I called Sofía last week to ask her how she felt this year, on the 26th anniversary of the bombing, her voice quickly collapsing the great distance between Buenos Aires and New York City. She told me she felt “sadness” this year, which has been like no other. She continued, “We need the contact of people. In other years, you can see all the people and touch them, the people who had posters raised with the victims’ faces, the people who shouted ‘Justice!’ With the people, you feel more supported, like they are with you.” Though she understood that this year’s virtual format would still honor the victims, for Sofía, she thought it could feel “cold,” lacking the human contact of a traditional commemoration. Even as the years pass, and perhaps especially in these times of COVID-19 and social distancing, Sofía still needs the collective to join her in remembering her daughter and the 84 other victims.
Every day, more victim stories are posted on Facebook, with the hashtags #AMIA26años #NoDebemosOlvidar. Twenty-six years after the AMIA bombing, they implore us not to forget. Black-and-white grainy pictures give shape to the details of each life—becoming more than just a name. “Andrea Judith Guterman…. She liked to laugh.” “Emilia Jakubeic De Lewczuk had worked since she was 18 years old.” “Fabián Marcelo Furman, 30 years old, was the oldest of three brothers…”

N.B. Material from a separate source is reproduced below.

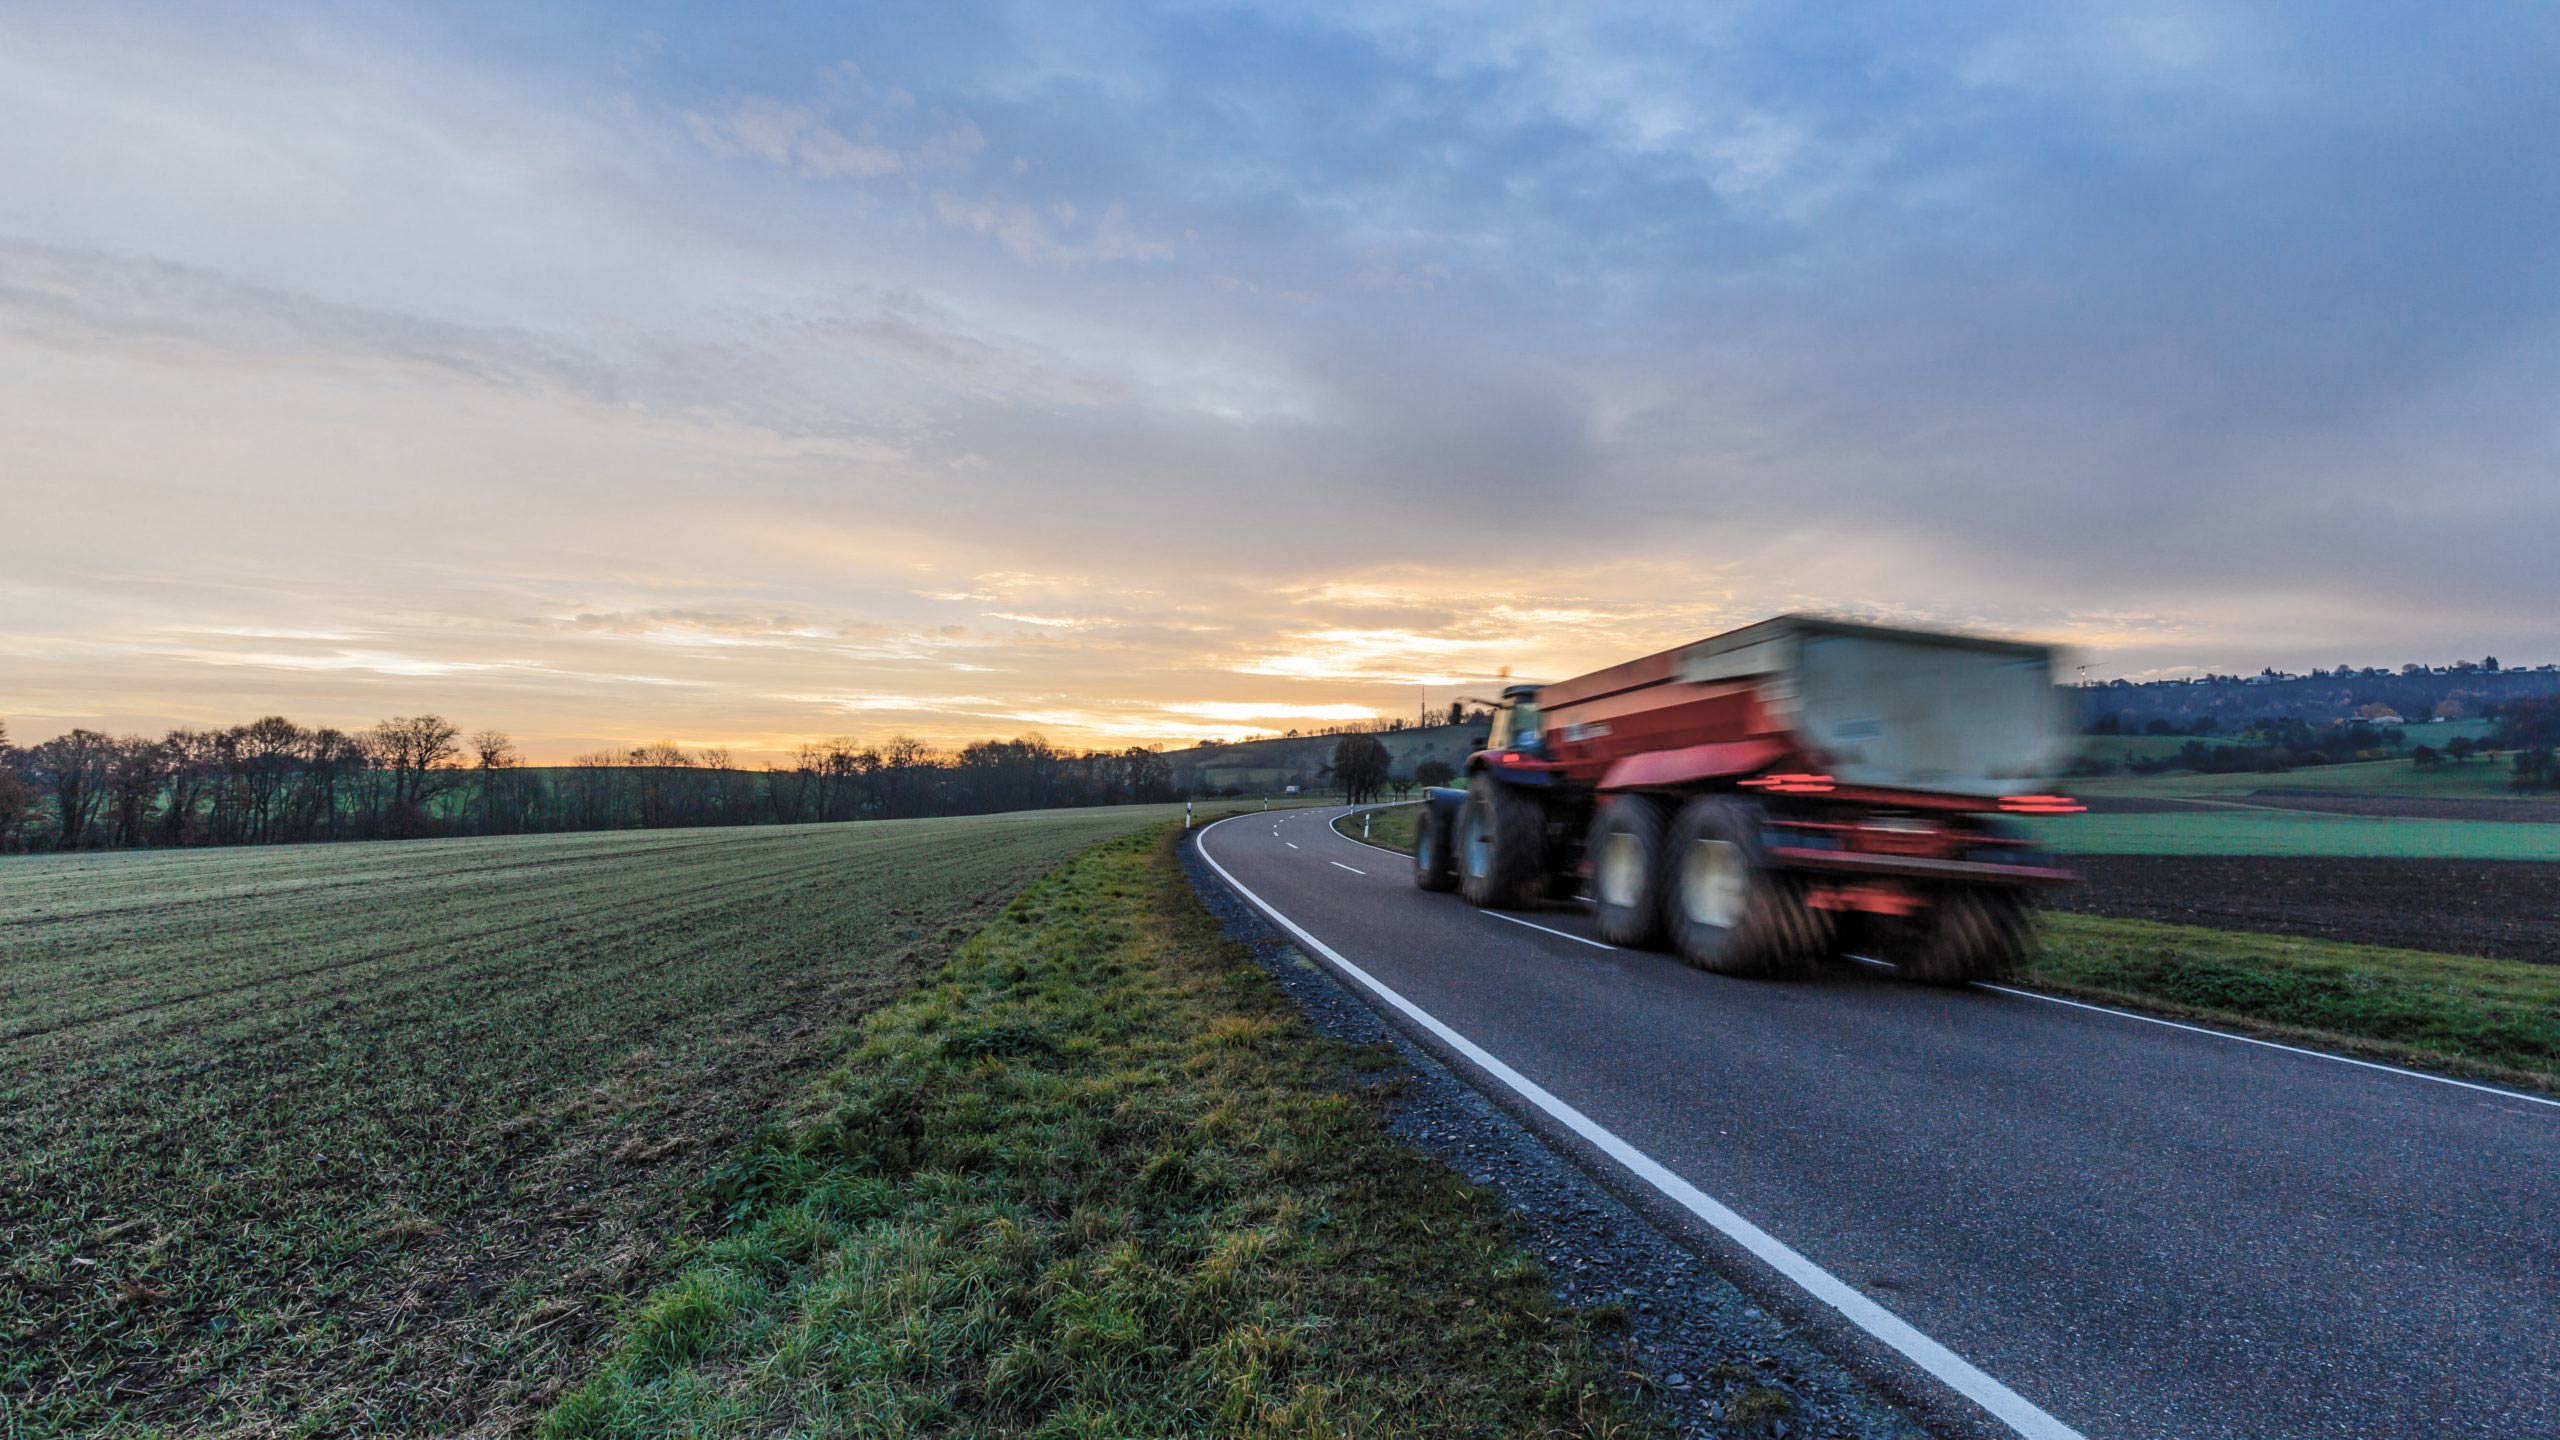 Færre landbrugsmaskiner på landevejene i Dronninglund-området. Det er et af resultaterne af den omfattende jordfordeling, hvor i alt 62 landmænd har byttet jorde med hinanden. Det minimerer også CO2-udslip

Sofía explained that the histories of the victims first appeared in a book published by the poet Eliahu Toker in 1995. Today, their stories and images are circulating again through social media, taking on new meanings within the context of 2020. They also open a space for readers to participate in a different way—commenting with their demands for justice, or with a personal memory, or sharing it and spreading the word. Sofía thinks that maybe through this new format, these stories could reach new readers who might also try to seek justice for the victims, to help participate in remembering.
2020 will not look like any other year of commemorations. And yet, we also know that the ritual of memory can become, well, a ritual. Something you do out of obligation, or a duty, a rote practice that does not necessarily generate the active remembering these movements need. There is a movement in memorials called counter-monuments, which try to do just that—inspire to do more than routinely perform the act of remembering, challenging us to genuinely engage with the past. So while this year’s changes may indeed be disruptive to the routines of memory, such disruption may also be valuable.
In Argentina, and beyond, that very disruption may open new ways for remembering and reimagining who we really want to be. Even if people cannot stand together, this new COVID-19 world of ours could lead to something greater. It may become an opportunity to revitalize the meaning and stakes of such remembering for society, reminding all of us that holding on to such memories can be a way to fight for justice, which in these difficult times, is perhaps more vital than ever before.